Remembering Rosary Celaya Castro-Olega ’78
“Lost on the Frontline,” a collaboration between Kaiser Health News and The Guardian, has identified 1,293 health care workers who likely died of COVID-19 after helping patients during the pandemic. USF News is publishing Rosary Celaya Castro-Olega's story in partnership with KHN and The Guardian.
Rosary Celaya Castro-Olega
Age: 63
Occupation: Traveling registered nurse
Place of Work: Various hospitals in Los Angeles County
Date of Death: March 29, 2020
Rosary Celaya Castro-Olega wasn’t what you’d call shy. At her daughter’s basketball games, she was the loudest voice in the bleachers. She dressed head-to-toe in purple: purse, glasses, phone, scrubs. She was Kobe Bryant’s No. 1 fan. And she loved sharing stories with patients.
Her oldest daughter, Tiffany Olega, recalled meeting her mother’s patients.

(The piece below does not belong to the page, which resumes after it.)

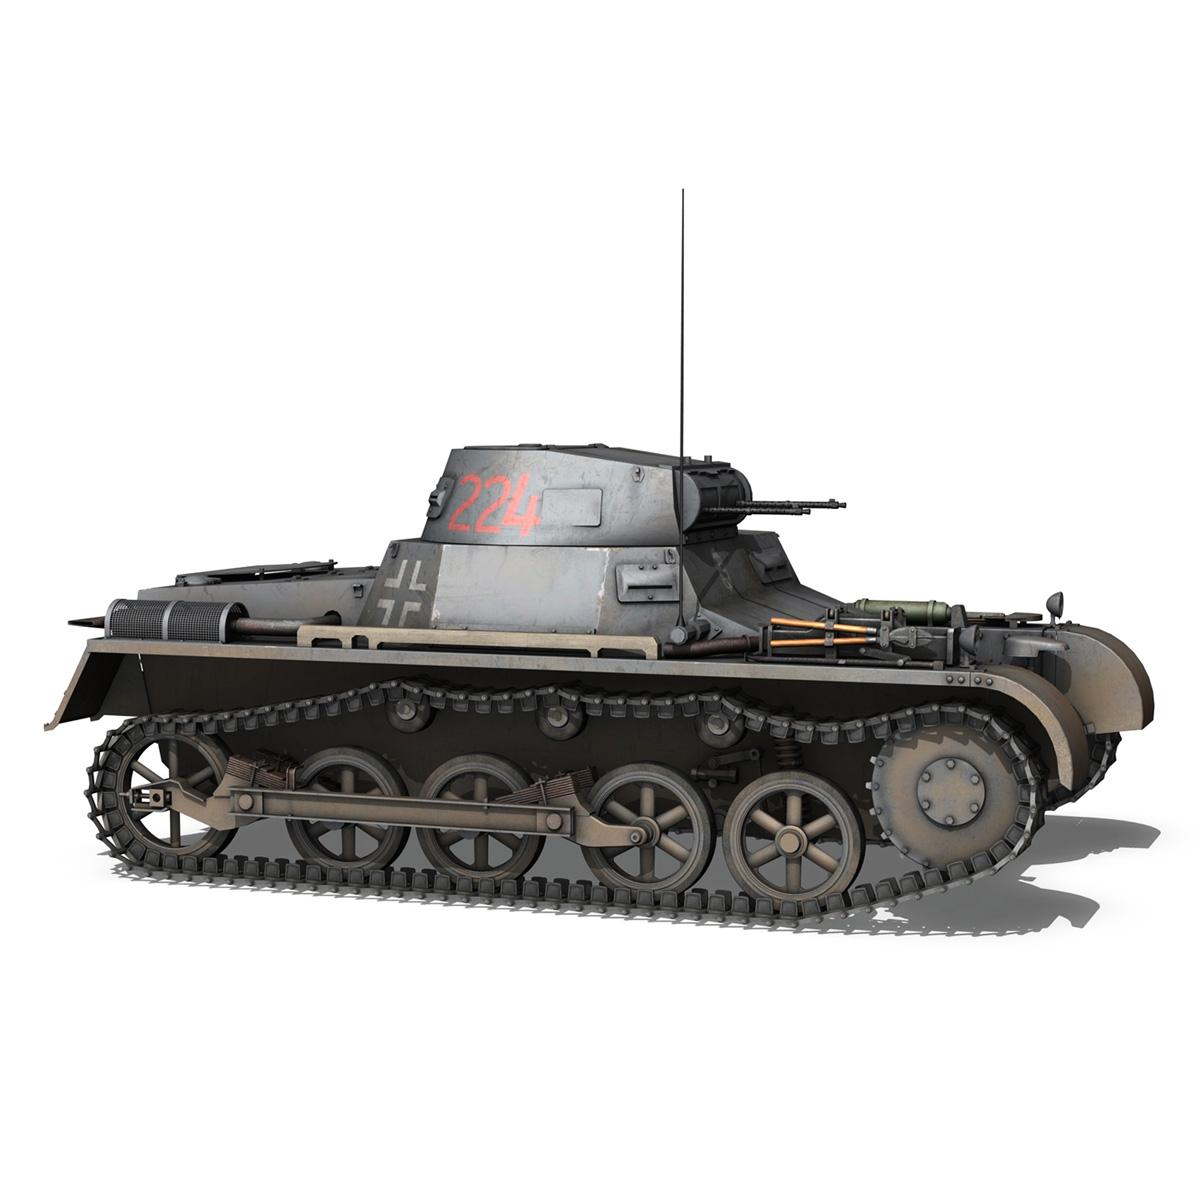 pzkpfw 1 - panzer 1 - ausf. a - Model 224 3d 3ds fbx c4d lwo obj 195078

“They’d say, ‘Your mom has told me all about you!’” she recounted. “She didn’t just do her rounds and disappear.”
Even after retiring in 2017 from Cedars-Sinai Medical Center, she couldn’t stay away. She filled in at hospitals that were shorthanded. In between, she traveled the globe. In 2019, she visited Germany, Japan and China.
She had a cruise planned in March. When it was canceled because of the coronavirus, she took shifts at various hospitals in Los Angeles County, hoping to help out. Olega doesn’t know if her mom cared for COVID patients. But Castro-Olega and her twin daughters — Olega’s younger sisters — developed symptoms in mid-March. All three wound up hospitalized. Castro-Olega never came home.
Los Angeles Mayor Eric Garcetti honored her as the first health care worker to die of COVID-19 in L.A. County.